Enabling a do-it-yourself hot-swap circuit design using a hybrid architecture

By Durga Praveen G and  Rakesh Panguloori, Texas Instruments

There is unprecedented demand for highly available and redundant systems to offer the best user experience. For example, in communications, banking, and industrial automated systems, any amount of system downtime could potentially lead to lost customers.

The implementation of a hot-swap circuit at the input of these systems protects against system faults and avoids system resets during power-supply disturbances. A hot-swap circuit comprises a hot-swap controller along with an external metal-oxide semiconductor field-effect transistor (MOSFET) and sense resistor in the power path, as shown in Figure 1. As the power level of the module increases, the circuit requires more MOSFETs in parallel for lower path resistance and better thermal management.
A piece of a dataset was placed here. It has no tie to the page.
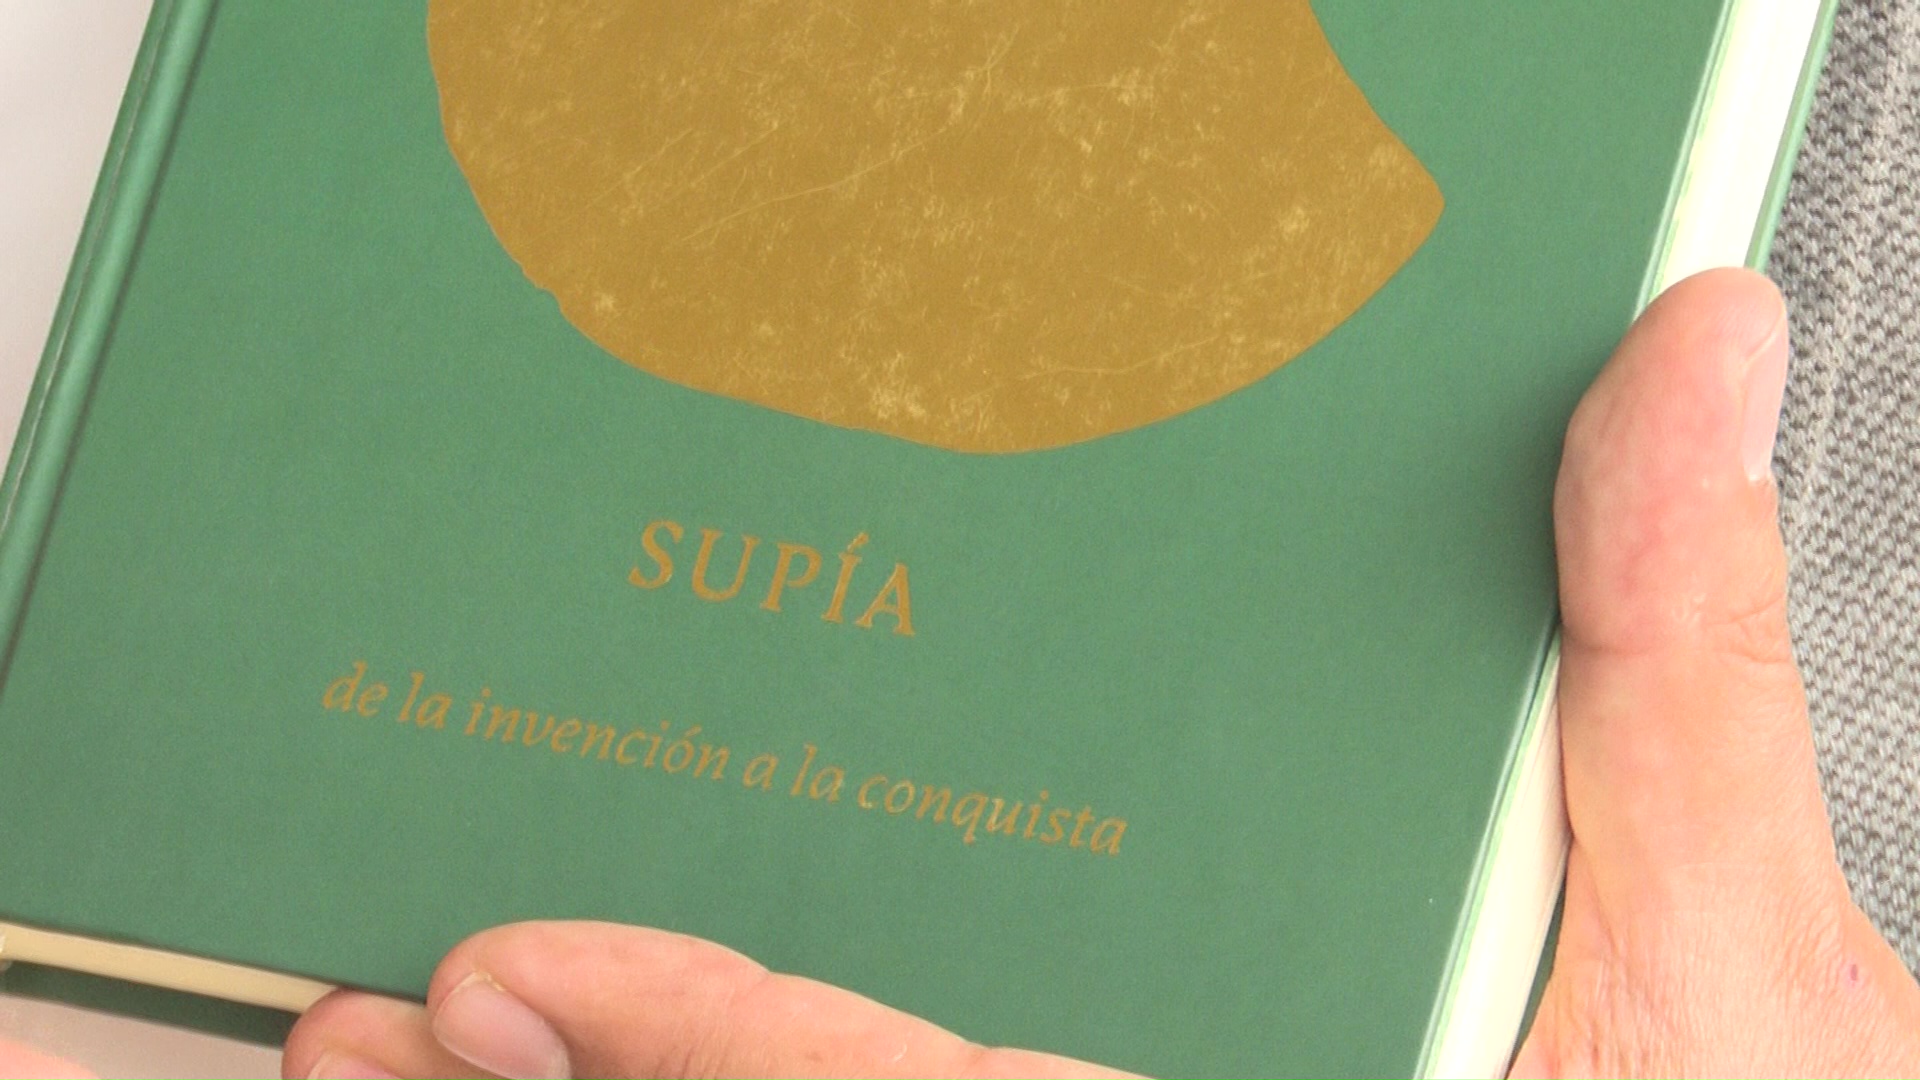 'Supía, de la invención a la conquista' libro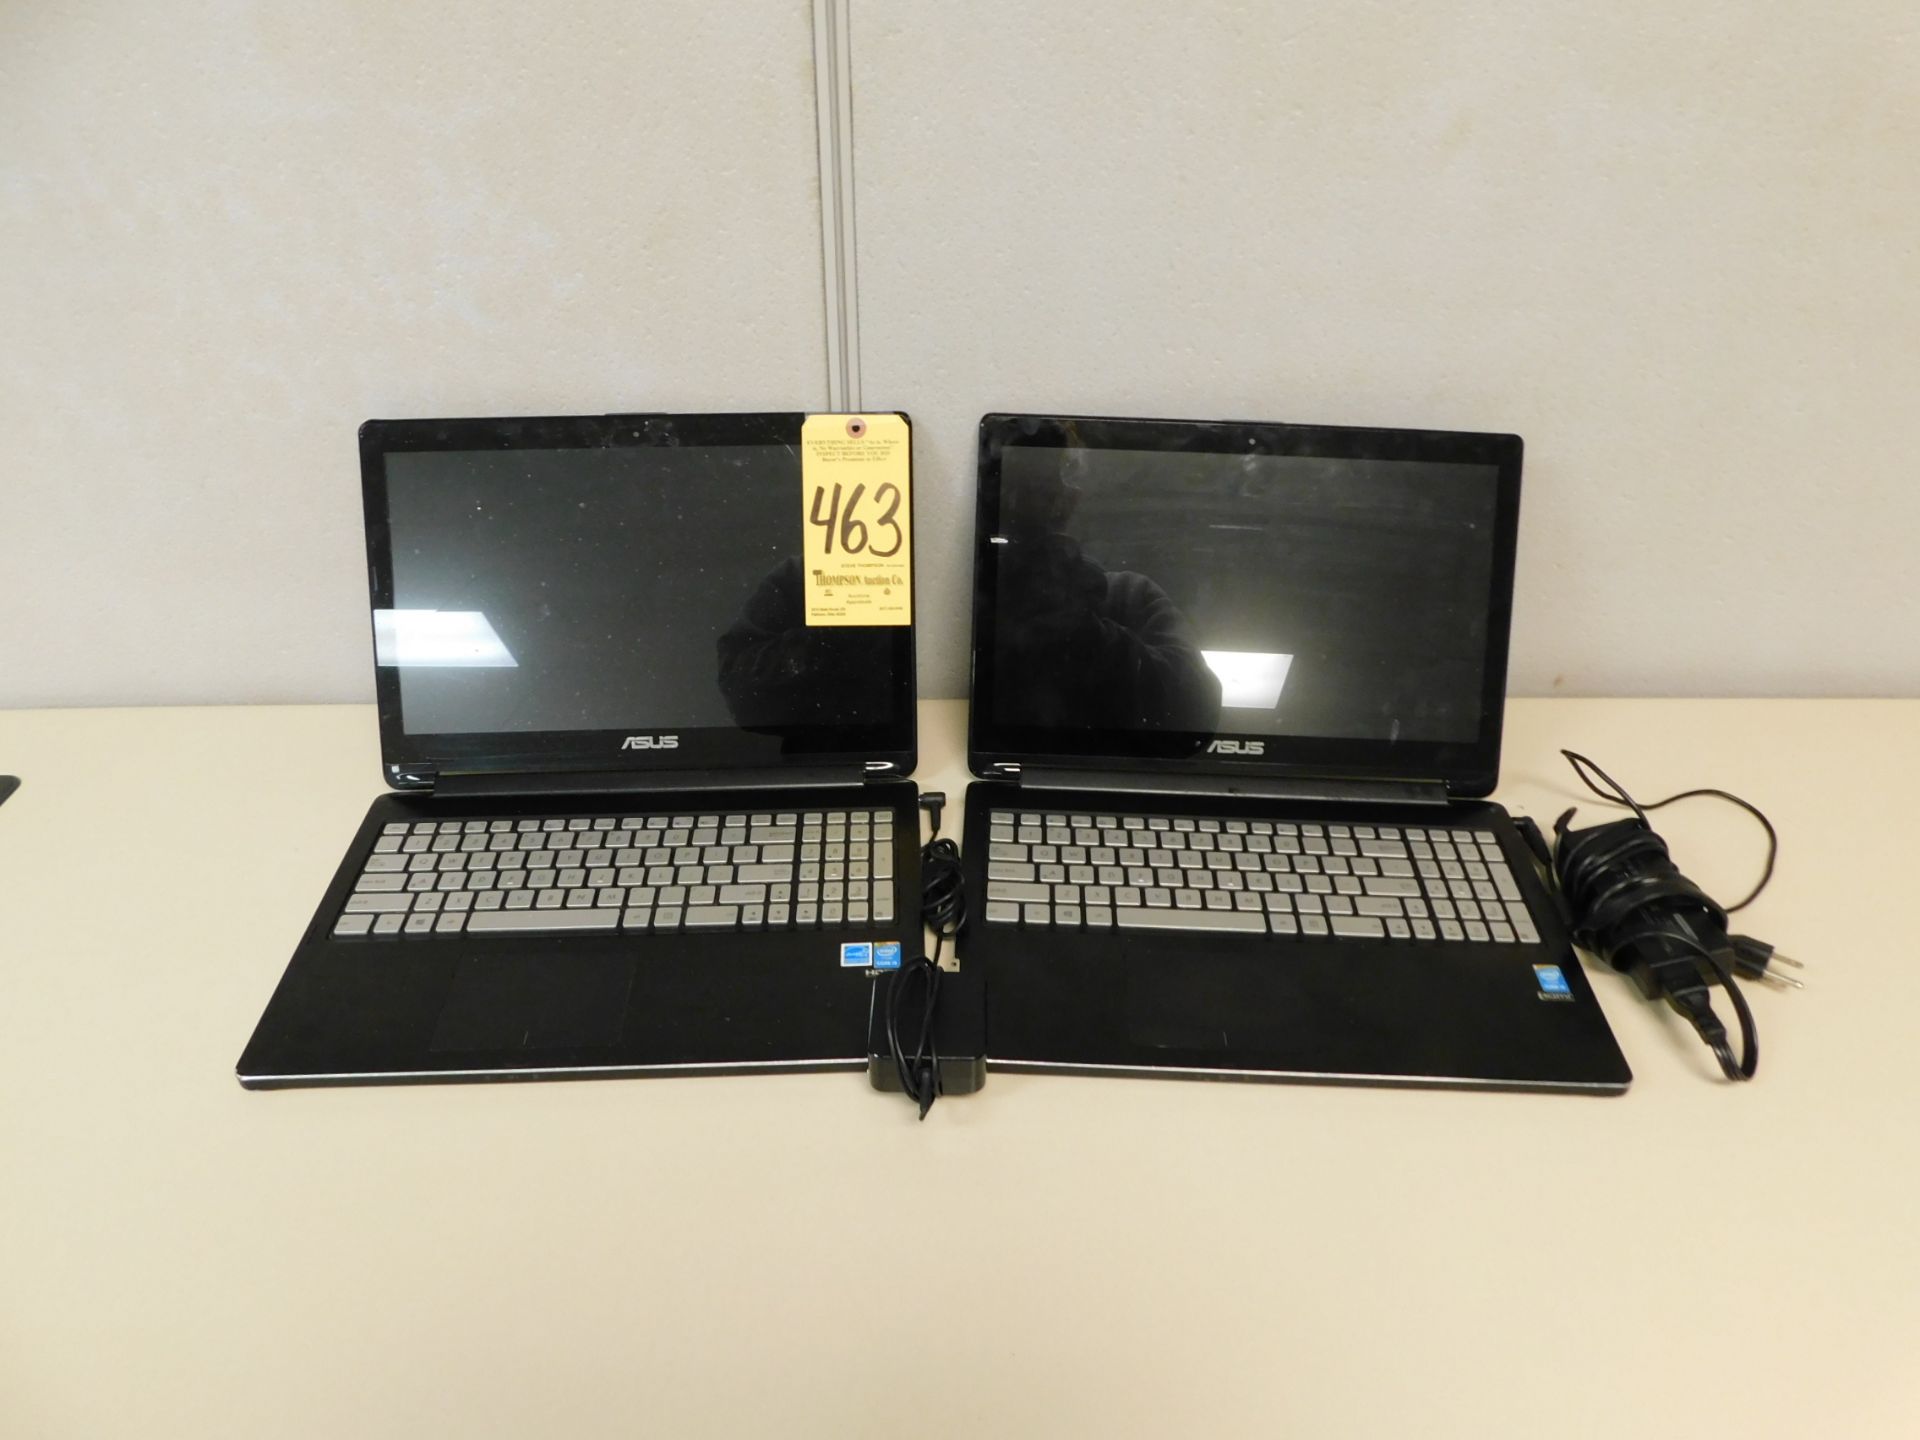 (2) Asus Laptops

A hot-swap controller generally has the option to program the current limit threshold (I_LIM), power limit threshold (P_LIM) and timer duration. During fault scenarios, the hot-swap controller regulates the MOSFET’s gate, forcing the MOSFET to operate in the saturation region so as to limit the current flowing in the power path or power dissipation in the FET to their respective thresholds. If the fault condition persists, the MOSFET turns off after the timer expires; therefore, the MOSFET used in the design must have safe operating area (SOA) limits high enough to withstand power loss during the timer period. For a more detailed understanding of MOSFET stress in different fault scenarios, see the Texas Instruments application report, “Robust Hot Swap Design.”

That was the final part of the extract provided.